That’s the fate of LA Gov. Bobby Jindal ($579,000), ex-PA Sen. Rick Santorum ($387,000) and former New York Gov. George Pataki ($153,000), all of whom raised less than ex-VA Sen. Jim Webb who pulled in $696,000.
KY Sen. Rand Paul’s $2.5 million didn’t turn many heads since it was ninth best among GOP candidates.
That’s why Campaign Manager Chip Englander and Chief Strategist Doug Stafford released an upbeat memo the same day these downer number came out that hyped Paul’s political organization in the Granite State where he won a recent straw poll.
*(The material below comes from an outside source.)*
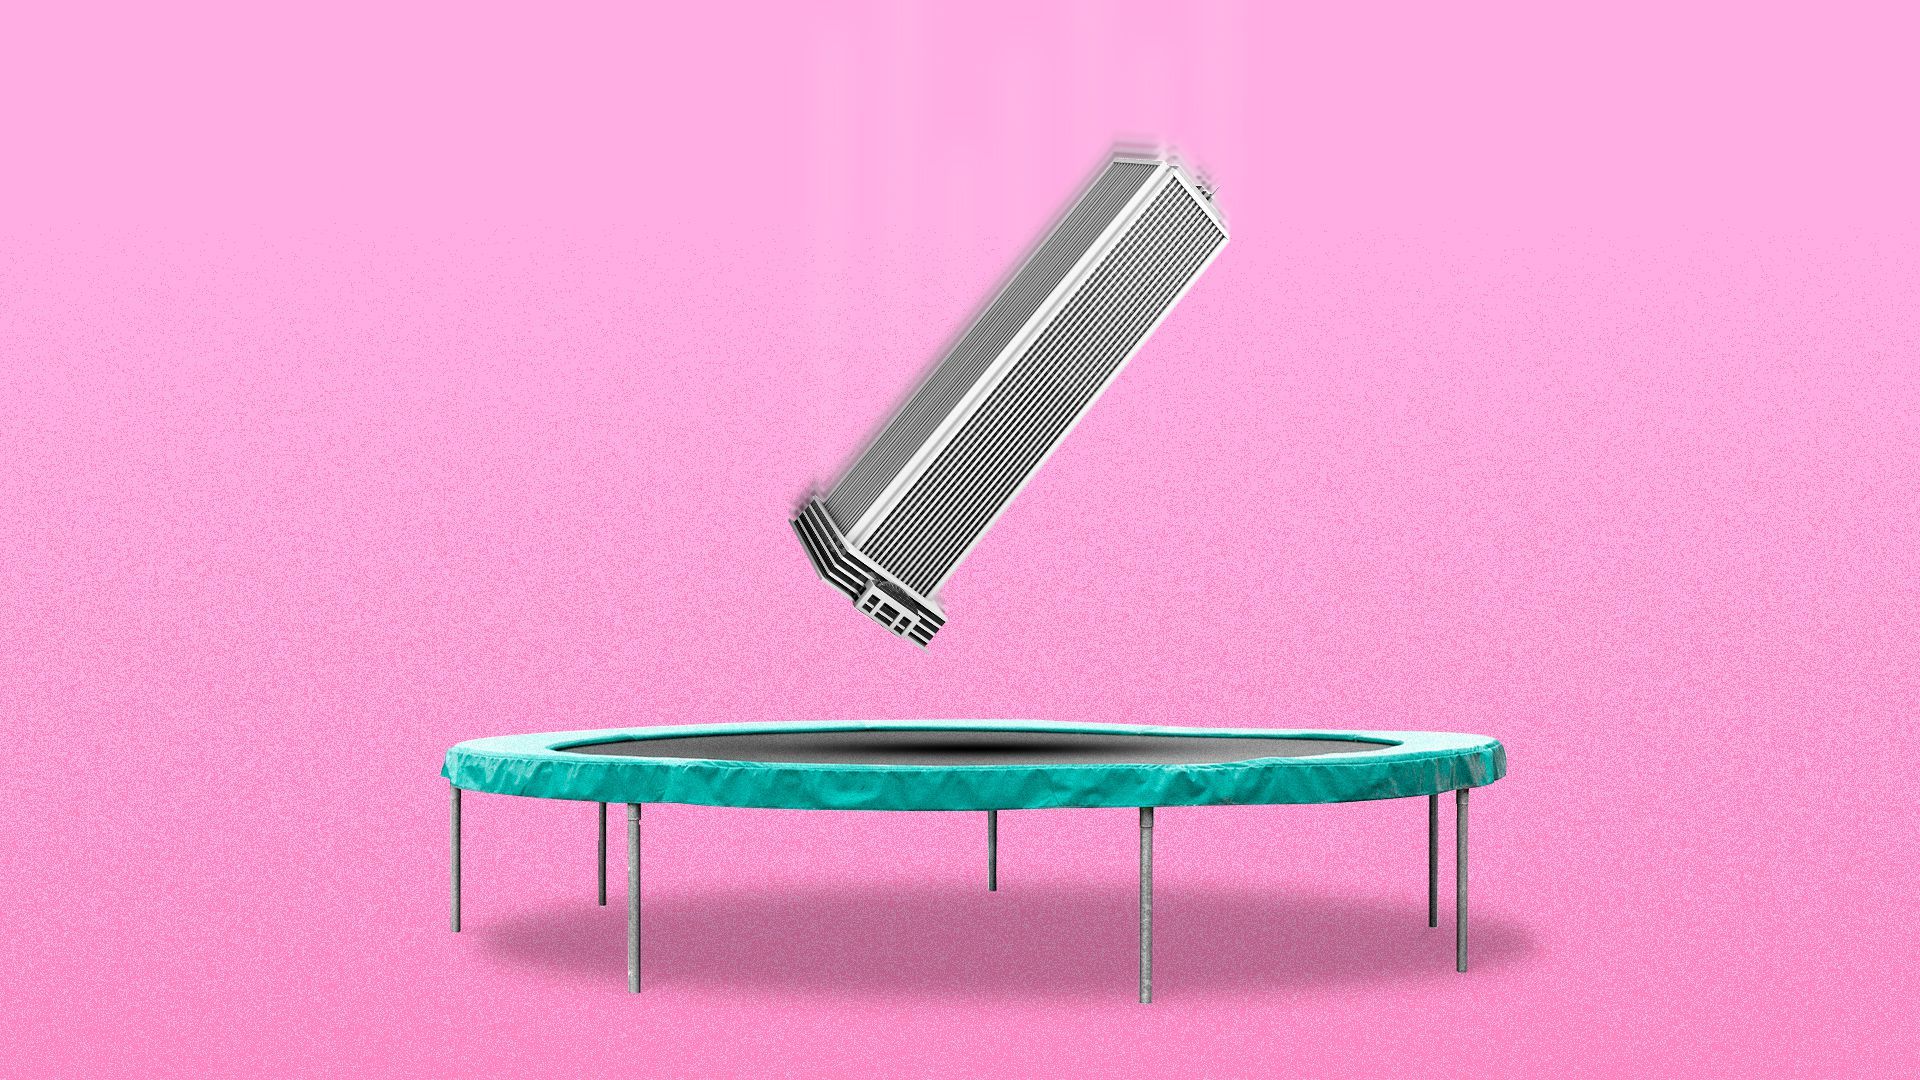 An illustration of a building on a trampoline.

"In New Hampshire, where Senator Rand Poll (abbreviated SRP in the memo) won over the weekend, our organization has a statewide Leadership Team of over 300 members-nearly triple the size of our closest rival," they wrote.
"This well-respected team of veteran grassroots organizers were the catalyst of this weekend's win and will be vital to future victories.
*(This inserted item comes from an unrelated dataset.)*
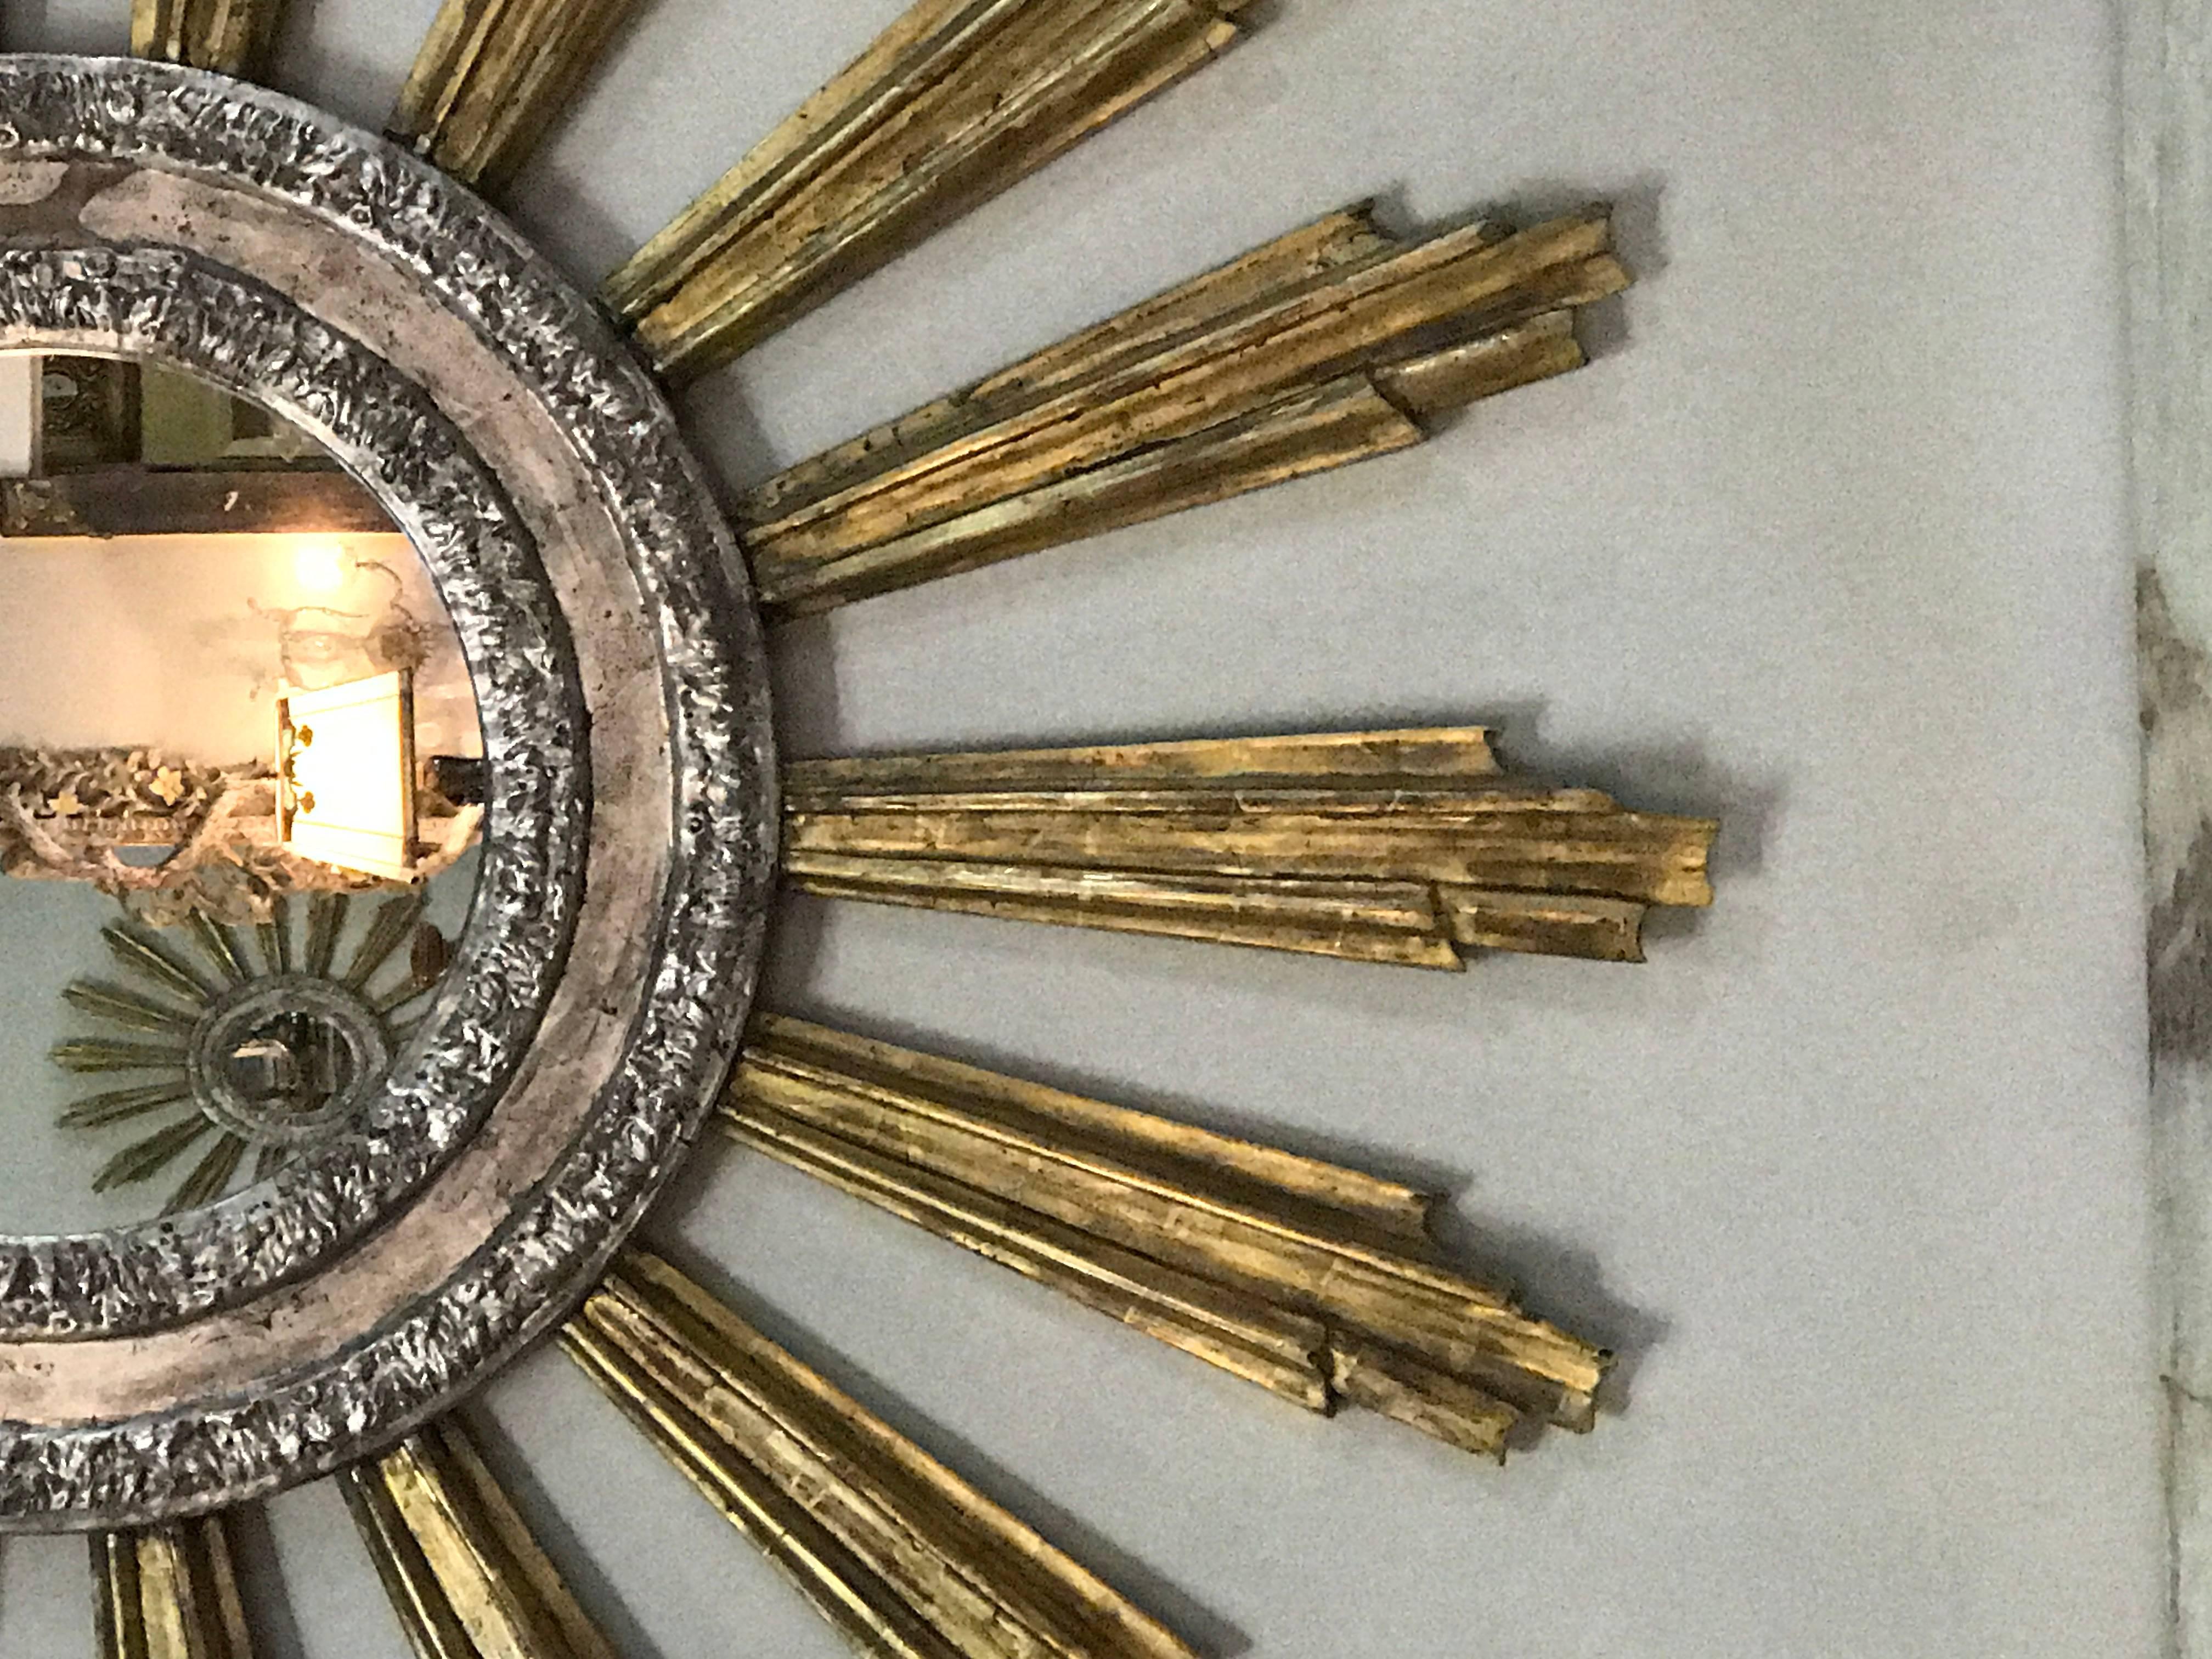 Monumental Italian silver and gold leaf sunburst mirror. A great statement piece for any room!

SRP's strength in New Hampshire comes from his continued legwork in the state. He's been there more than most of the candidates. He was there last weekend, he will be there next weekend, and he will be there a third time at the end of this month. Like John McCain in 2008, Senator Paul's campaign isn't showing up in October polling, but will be there when it counts-on Election Day."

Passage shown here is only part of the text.